There’s ES5, ES6, then ES7, TypeScript, AtScript, Dart, Babel…the list goes on.

JavaScript is largely a standards-driven language. That means a committee agrees on what “JavaScript” is, at least the lowest common denominator of it, and browser vendors work to implement those features. Today (but not for long), ES5 is that version of JS that is most widely supported.

However, committee-driven design is notoriously slow, so everyone from independent developers to browser vendors are eager to use and implement new JS features faster than the standards organization can approve them.

JavaScript as browsers understand it is a bit like the “assembly of the web,” meaning that it can correctly run code that was implemented in a higher level language and “transpiled” down to JS the browser understands.

That is exactly what CoffeeScript was, which was one of the first very successful higher-level JS languages. A developer would write CoffeeScript, and the compiler tool would generate plain JavaScript underneath.

This is what we see today with ES6 and everything in between. Browsers don’t yet implement natively a lot of ES6+ features, and developers want to innovate on what JavaScript is. This means they’ve gone to building these higher-level JS languages like AtScript, TypeScript, and tools like Babel that implement futuristic JavaScript features and compile down to ES5.

Dart is an experimental language created several years ago by Google. We do not recommend using Dart as new JS features supersede it.

AtScript was an experimental language created by Google to extend JS and Typescript with new features such as annotations and type introspection. It is now defunct.

Typescript is Microsoft’s extension of JS that comes with powerful type checking abilities and object oriented features. Both Angular 2 and Ionic 2 use TypeScript.
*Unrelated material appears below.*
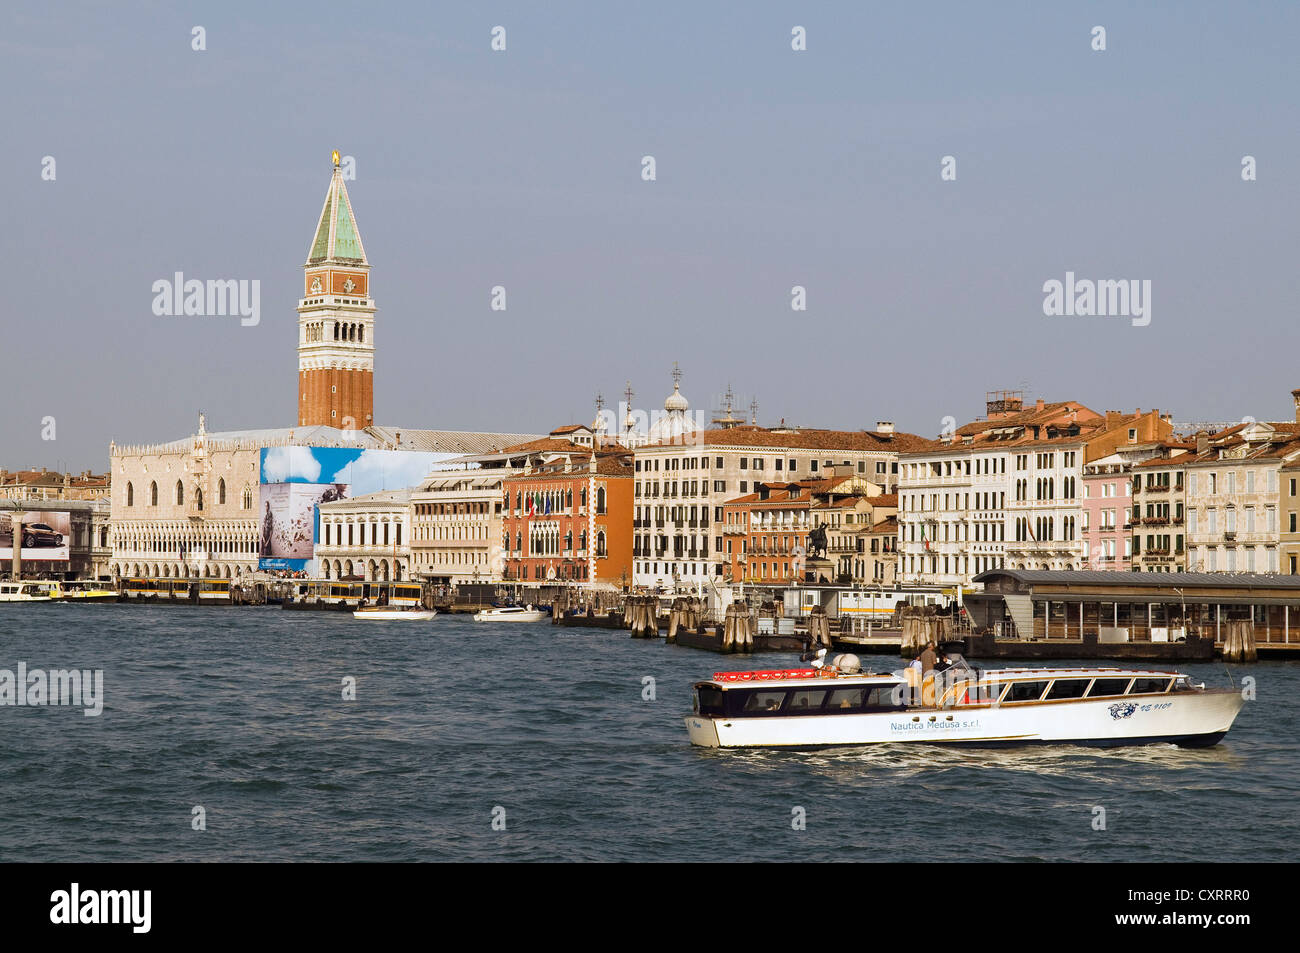 Les bateaux-taxis et les ferries dans le port de Venise, avec le campanile de Saint Marc et du Palais des Doges à l'arrière, Venise, Vénétie, Italie Banque D'Images

ES6 is the next version of JavaScript that was just recently approved that comes with a ton of new ways to write JS. ES7 is a future standard of JS that some are already implementing in these higher level languages.


If you’d like to develop with “plain” ES6 and ES7, you can use Babel, the “compiler for writing next generation JavaScript.” If you’d like to use Ionic and Angular, we recommend TypeScript which will provide similar features as babel, with extra type checking if you choose to use it.

If you’re interested in type checking and new OO features, or want to contribute to Angular 2, check out TypeScript.